Movie Review: Hellboy (2019)

[Please note: there might maybe some spoilers here? Basically all the good stuff from the movie was in the trailers, so none of it should be a surprise.]

From Neil Marshall (director of Dog Soldiers, Game of Thrones‘ “Blackwater” and my guilty pleasure Doomsday) comes the 2019 comic book adaption and big screen reboot of the series of the same name, Hellboy. Hellboy (David Harbour, Stranger Things) is required by the BPRD – the Bureau for Paranormal Research and Defense – to stop the resurrection of an ancient Blood Queen (Milla Jovovich). Hellboy is under the direct command of his father, Trevor Bruttenholm (Ian McShane), and joined by a medium, Alice (Sasha Lane) and shapeshifter, Ben Saimio (Daniel Dae Kim).

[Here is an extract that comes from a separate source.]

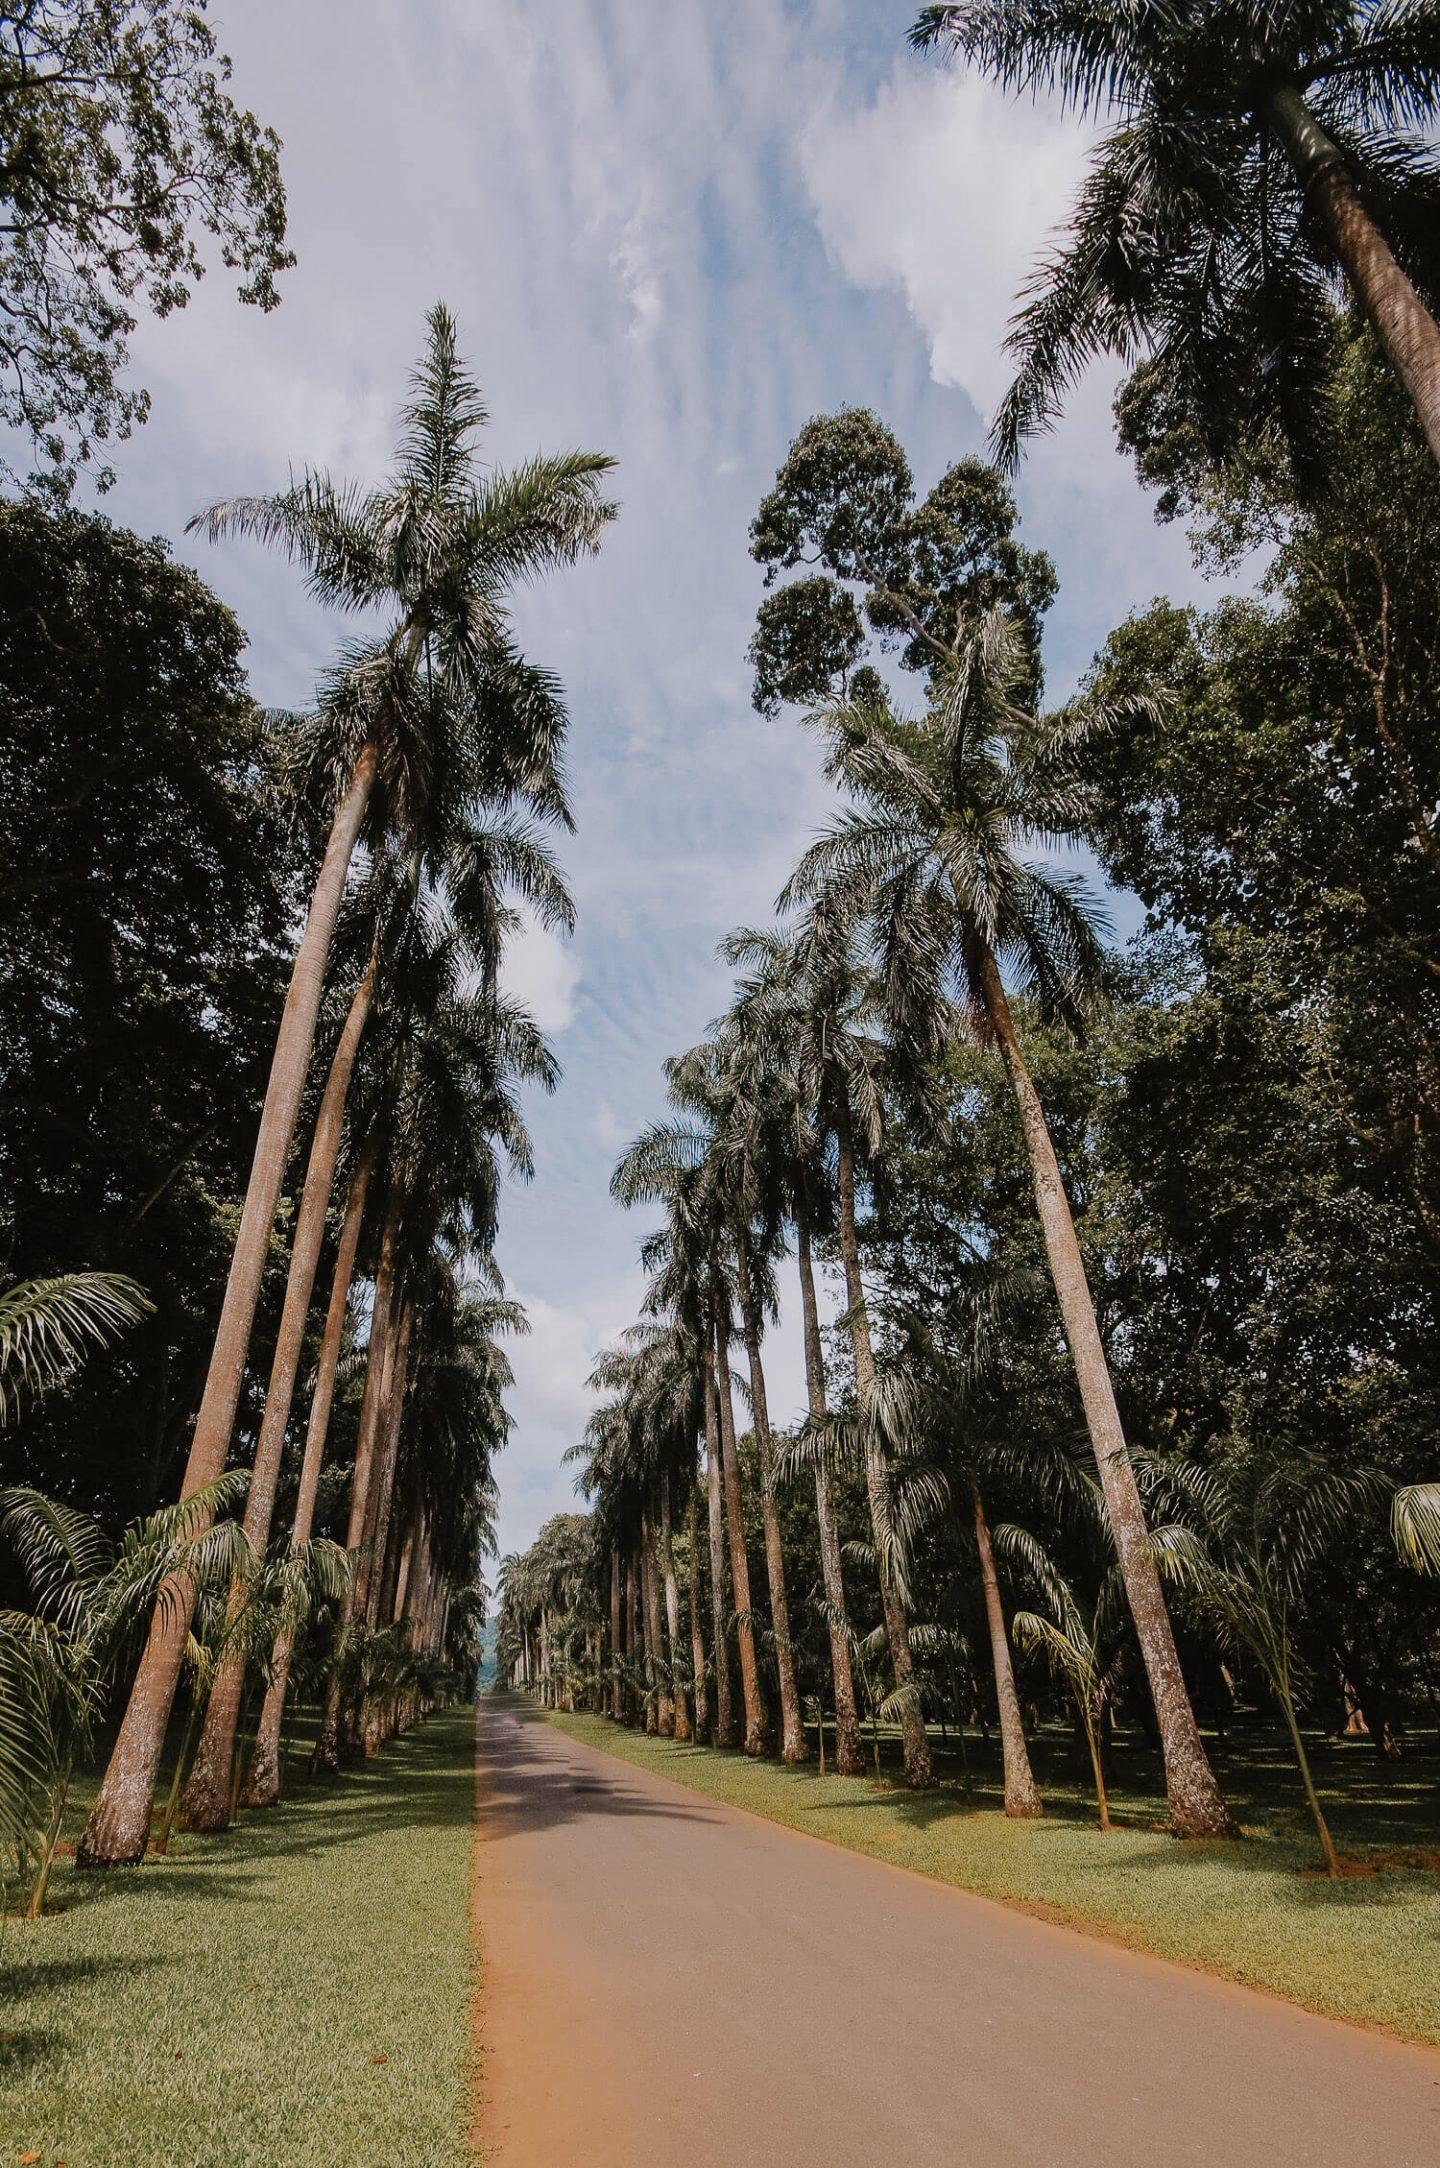 Royal Botanical Gardens Kandy Sri Lanka

+ truthfully, all of the actors are good, but none of them seem to own the role the way that Ron Perlman did the title character in the earlier films. Stephen Graham as the voice of the pig-demon-fairy-thing Grugach was a personal highlight, and I really enjoy Kim as an actor, but even his role was too thin to make anything of it
+ the practical effects and make-up looks great. Hellboy’s worn and dirty, darker red skin is immediately different to Perlman’s cleaner, smoother look from the previous film. The Baba Yaga (performed on set by internet-cult contortionist Troy James) is terrifying

– the whole film feels like an almost unconnected series of comic page adaptions which have been hastily (and poorly) cobbled together once a beginning and ending was filmed. The black and white opening was my favourite scene, which is a disappointing thing to say
– there is some really horrible CGI. Compared to the phenomenal practical effects and make-up, some of the CGI is something from the past decade, and is not even bad enough to watch and laugh at
– all throughout the movie is a wildly inconsistent tone. In the same scene, the movie attempts something like horror (or at least as horror-y as the comic series based on a literal hell spawn can be) but then right before the major climax, a poor joke ruins the tension. Just as things should be at their most tense, an entire flashback scene destroys the pacing. I feel as if they wanted Hellboy to be Deadpool, but also the Hulk, but also a demon
– I’m never one to shy away from gore (in fact, I probably enjoy it more than I should), but all of the gore in this just feels unnecessary. Limbs and torsos flying across the scene is almost funny the first time, but it soon gets pretty old

> all that controversy about Ed Skrein not being Daimio seems a bit silly when the Korean Daniel Dae Kim is playing a Japanese character. To me that seems just as incorrect

Should you see this film: Absolutely not. As hard as Harbour and Jovovich tried, this was as sterile and dare I say poorly made film as I’ve seen in a long time. I really like the original films, and outside of the time I wasted on watching this movie and writing this review, I am even more sad that Guillermo Del Toro will never get the chance to finish his trilogy.